So stammt die Hyazinthe aus Zentralasien - ebenso wie die wohl populärste Frühlingsblume, die Tulpe. Sie gelangte im 16. Jahrhundert über die Türkei nach Deutschland - und dann erst nach Holland. „Das sind nur ein paar Beispiele, um zu illustrieren, wie globalisiert unser Frühlingsgefühl ist“, sagt Hohlstein.

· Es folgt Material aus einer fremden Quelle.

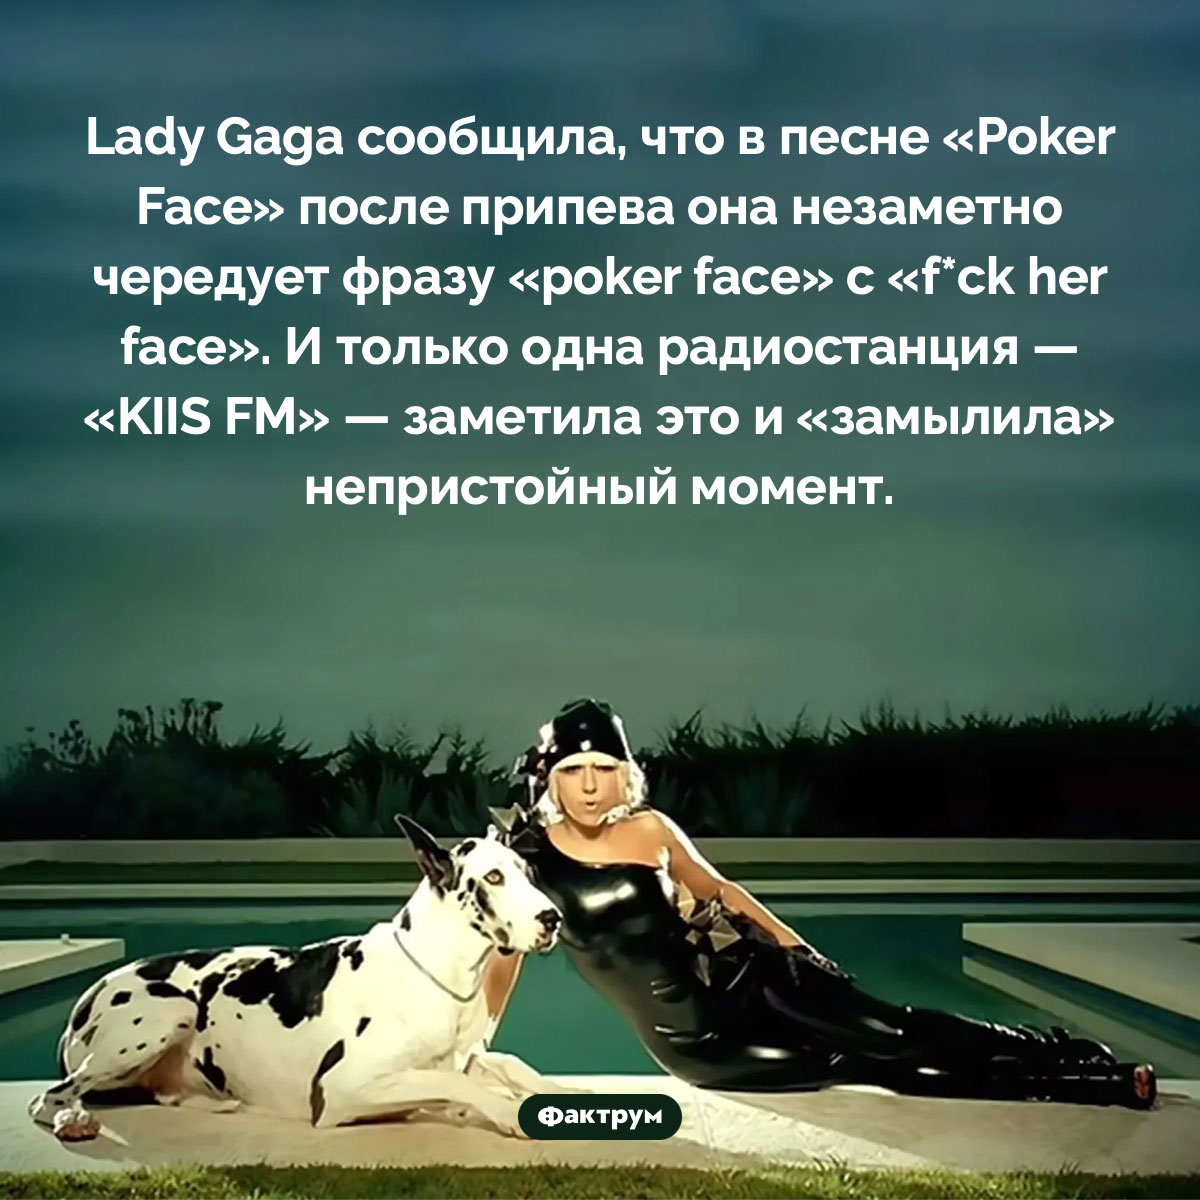 Lady Gaga в песне «Poker Face» поёт «f*ck her face». Lady Gaga сообщила, что в песне «Poker Face» после припева она незаметно чередует фразу «poker face» с «f*ck her face». И только одна радиостанция — «KIIS FM» — заметила это и «замылила» непристойный момент.
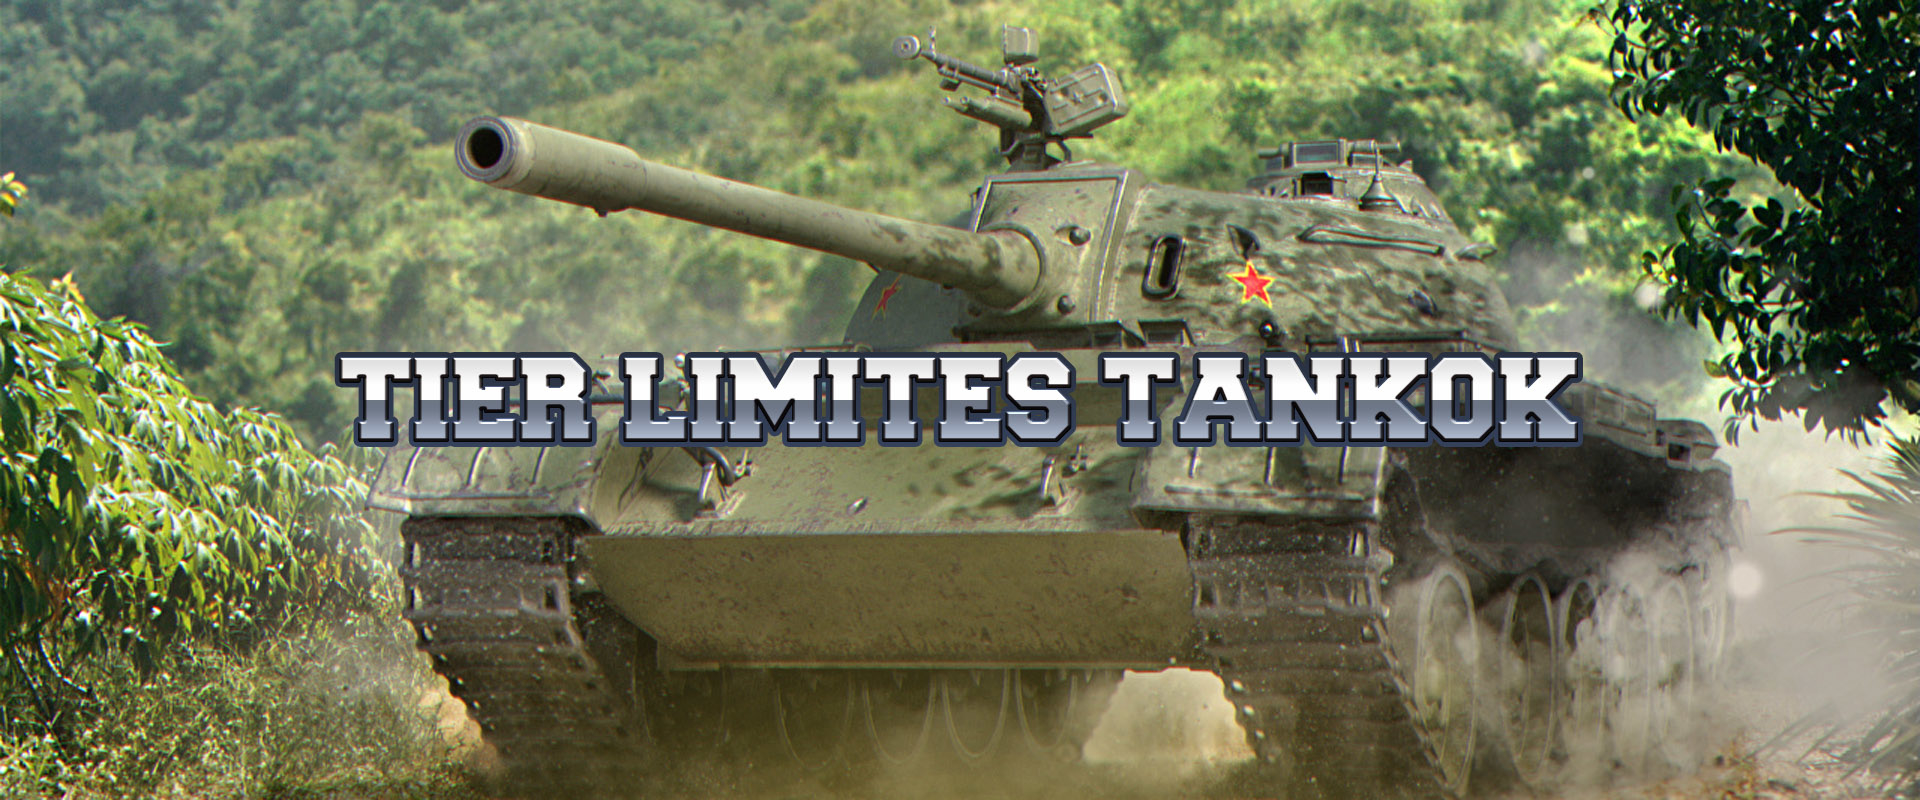 A tier limit marad, a tankok változnak!

Der erste Frühlingsduft unmittelbar nach dem Ende des Winters im März stammt allerdings noch gar nicht von blühenden Veilchen, Narzissen oder Flieder. „Der erste Frühlingsduft beginnt viel früher“, sagt Professor Hatt. „Wenn die ersten warmen Sonnenstrahlen den kalten, vielleicht noch gefrorenen Boden treffen, dann wird durch die Wärme Wasser freigesetzt, und die Moose und verrotteten Blätter und all diese Dinge geben aufgrund der höheren Temperatur ihre Duftstoffe in die Luft ab und werden mit dem Wasserdampf hochgerissen in unsere Nase.“
Das Ergebnis: fauliger Modergeruch! Eigentlich alles andere als angenehm, wie Hatt einräumen muss: „Dieser erste Frühlingsgeruch, wenn man so merkt: „Ah, jetzt liegt der Frühling in der Luft!“, der ist eigentlich gar nicht so toll.“ Weil das Gehirn die Information aus der Nase aber sofort mit einer angenehmen Erinnerung verknüpft, wird es doch als etwas Positives empfunden. Das kann auch für alle möglichen anderen Gerüche gelten. Wenn Mutter früher bei den ersten Sonnenstrahlen immer den großen Frühjahrsputz gemacht hat, dann kann der Geruch scharfer Scheuermittel ein Leben lang romantische Frühlingsgefühle wecken.
Umgekehrt gilt das allerdings auch: Wer die schöne Jahreszeit fürchtet, weil er zum Beispiel Pollenallergiker ist - mit anderen Worten: wer den Frühling nicht riechen kann - für den duftet er nicht. Er stinkt. Und zwar durchgängig.